In an alternative embodiment, porous sample holder 10 may be mounted on backing 15 with a mesh and/or linear fibers. FIG. 6 illustrates an embodiment wherein porous sample holder 10 is mounted with a mesh 37. Mesh 37 may be applied across at least a portion of porous sample holder 10 and secured to electrophoresis gel sample loader 5 by any suitable method such as using glue, tacks, staples, and the like. The secured mesh 37 provides sufficient force to porous sample holder 10 to substantially hold porous sample holder 10 in place on backing 15. Mesh 37 may have a suitable porosity to allow loading of the sample through mesh 37. Mesh 37 may be applied to substantially all or a portion of porous sample holder 10. In alternative embodiments (not illustrated), solid strips may be used to secure porous sample holder 10 to backing 15. The strips may comprise any suitable material for use in gel electrophoresis such as, without limitation, plastic, cloth, and the like.
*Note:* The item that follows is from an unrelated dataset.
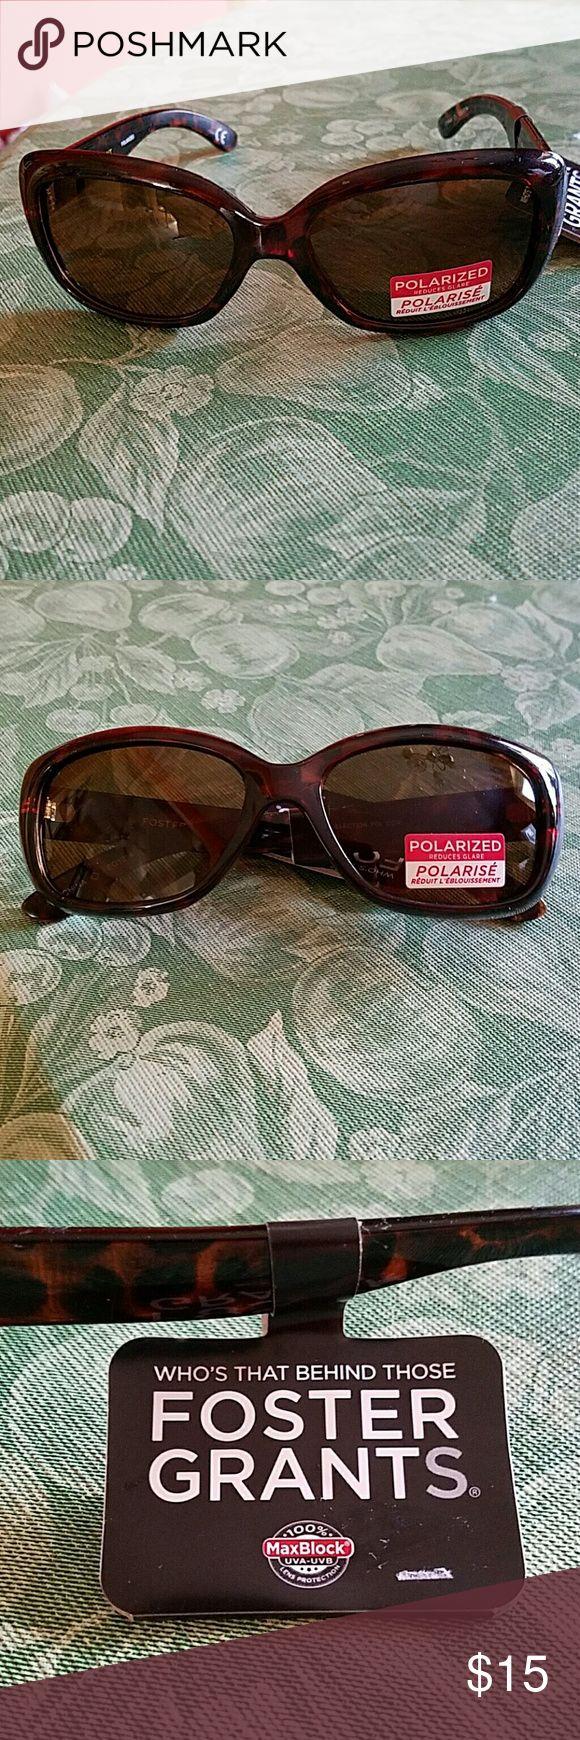 Foster Grant Sunglasses Polarized to reduce glare Foster Grant Accessories Sunglasses

FIG. 7 illustrates an embodiment in which electrophoresis gel sample loader 5 comprises barrier plates 100. Barrier plates 100 may comprise any substantially rigid material. Without limitation, examples of suitable materials include plastic, glass, and the like. In an embodiment, barrier plates 100 comprise substantially rigid plastic. Without being limited by theory, barrier plates 100 may reduce lateral diffusion/migration of sample from porous sample holders 10. Further, without being limited by theory, barrier plates 100 may provide physical support to porous sample holders 10. Barrier plates 100 may be secured to backing 15 by any suitable methods such as by glue, tape, and the like. In alternative embodiments (not illustrated), electrophoresis gel sample loader 5 does not have barrier plates 100 lateral to each side 23 of a porous sample holder 10 but instead has at least one porous sample holder 10 that does not have a barrier plate 100 lateral to at least one side 23. In some embodiments, at least one of the porous sample holders 10 is loaded with an ionic material.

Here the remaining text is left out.